Ale NAJLEPSZYM pomysłem jest moim zdaniem telewizja, programy typu UWAGA itd. chętnie przyjza sie temu i zrobia afere, a wtedy i policja i sąd stoja przed nami otworem... Jakby cos to słuze pomoca !!!! gg 7005302
-
Re: SKLEP ZOOLOGICZNY W LEGNICY - POMOCY
dobre to takie jest ...... to co kto sie przejdzie na poczatek i pogada z gosciem na temat sadu ?? ja pozniej moge dzwonic na uwage jak to nie odniesie skutku !!
-
Re: SKLEP ZOOLOGICZNY W LEGNICY - POMOCY
Udało nam się uzbierać kasę i wykupić legwana zielonego. Niestety na przedniej łapce nie ma żadnego palca, bo mu zgniły i odpadły, na innych też mu trochę brakuje. Na całym ciele ma liczne zainfekowne rany z gnijącą wylinką i mnóstwo roztoczy.

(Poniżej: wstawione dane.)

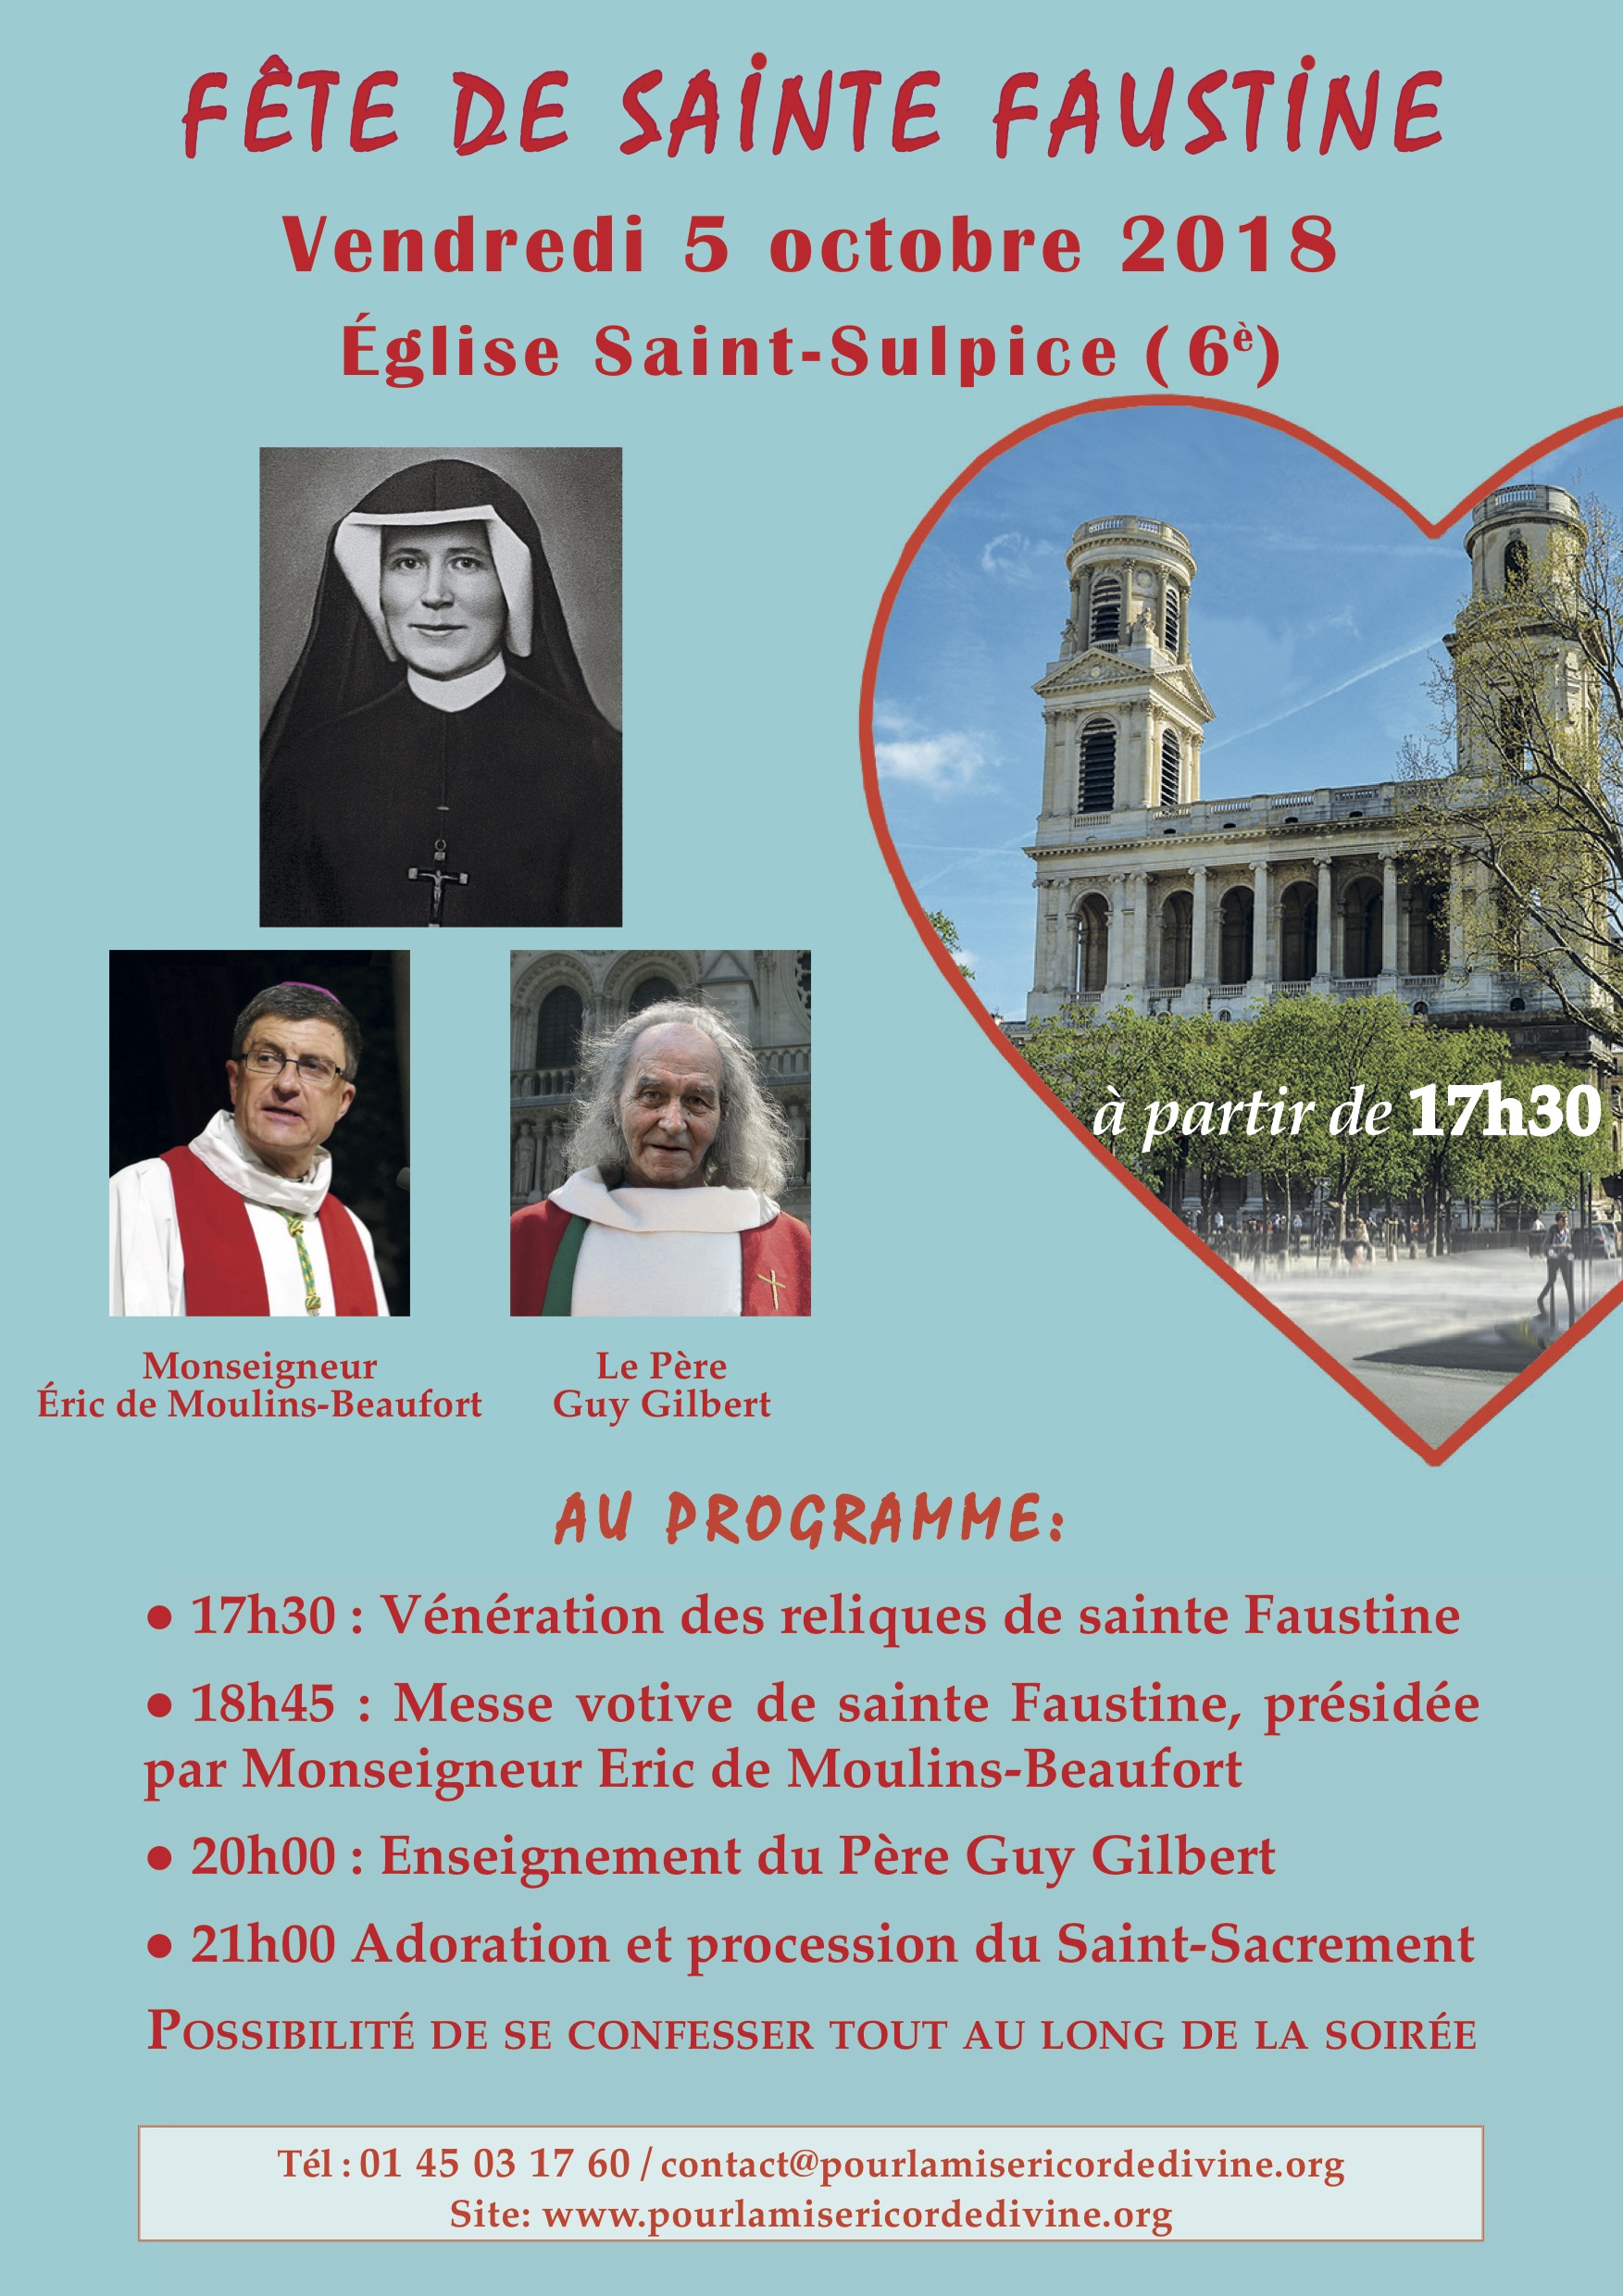 Grande célébration à l’occasion du 80e anniversaire du rappel à Dieu de sainte Faustine le 5 octobre 2018 à Paris

Do tego ma dystrofię pokarmową (nie wiem czy nie przeinaczyłam nazwy), zaawansowaną krzywicę, itd. Zajęła się nim juz nasza znakomita Pani weterynarz, a po jej wyczynie z agamą brodatą nie mam wątpilowości, że legwan (a właściwie legwanica) szybko dojdzie do siebie :) . Niestety Pani weterynarz nie wytrzymała i trochę "nakrzczała" na Panów ze skepu za to w jakich warunkach trzymają zwierzęta. Ja osobiście dziękuję im za to, że zrozumieli, że legwan ma się źle i opuścili nam cenę. Teraz szukamy kogoś, kto pomoże uratować węże (może uda się także ponegocjować cenę, bo myślę, że ci ludzie nie są źli, tyko się nie znają, a gady stały się dla nich kłopotem). Jak mój brat przyniesie aparat, to prześlę Wam zdjęcia legwanicy. Życzcie nam powodzenia i jeszcze raz wielkie gratulacje ludziom ze sklepu, że zobaczyli swój błąd i potrafili się do niego przyznać - bez nich legwanik by zdechł (260 zł to było nie na naszą kieszeń)!